As should come as no surprise, upon arriving at their destination, the crew discovers that the world they have landed on is fraught with danger, and their reactions in general are, unfortunately, less than cool, calm and collected.  Two easily freaked-out scientists head back to the mother ship only to get lost and then wind up trying to befriend a cute little slithering creature that, true to form, welcomes them with open mouth.  David the android concocts his own mischief and the results are about as bad a breakup as possible between doctors Shaw and Holloway.  Ships and chests explode violently and no one—including me—is any more the wiser by the end of it all.  Check out this video after watching the film to hear from some equally confused, kindred spirits.

I wanted something smarter.  Sure, the characters in the original “Alien” were pretty much decimated, but they really were trying to do the right (and smart) thing given the circumstances.  In “Prometheus,” it’s not really clear what motivates anyone.  You'd think that on a mission as critical and as well-financed as this one, the crew would not start coming apart so quickly.  Also, I found I really liked the space jockeys (now referred to as “engineers”) much better dead than alive.  They were much creepier that way.  The 3D and Microsoft-inspired computer effects were nicely-done, and petite Noomi Rapace does a great job following in the gigantic footsteps of Sigourney Weaver’s mythic alien-buster Ripley.
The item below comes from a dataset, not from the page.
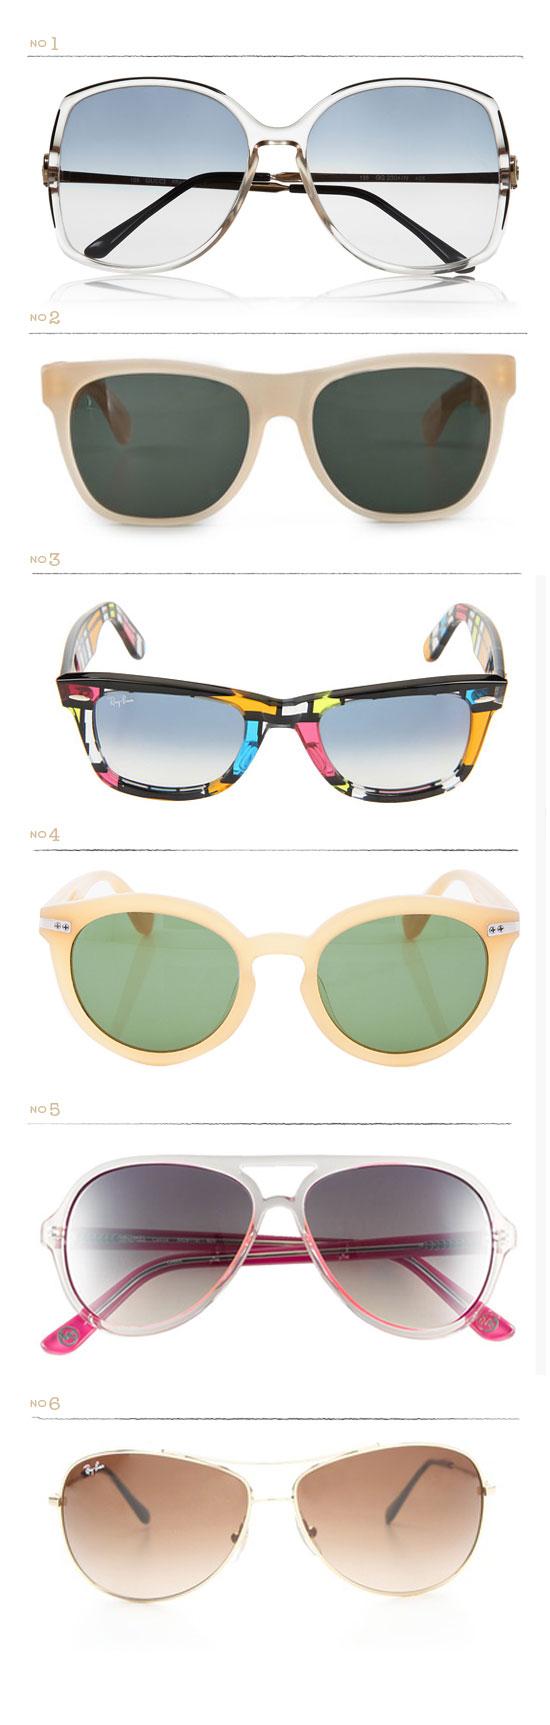 Sunglasses_verysarie

There are many (many) sites out there that attempt to explicate far better than I the critical elements of the film.  This FAQ is a good place to start.  I'm guessing that most fans of the original series (or some subset thereof) will like but not love this film.  I suspect, too, that viewers who haven't seen any of the earlier films won't miss much if they see this first, but I certainly hope that, if nothing else, "Prometheus" inspires this group to see "Alien," which without question remains one of my favorite horror films.  Watching it again even now can make me (with apologies to Paul Simon) still queasy after all these years.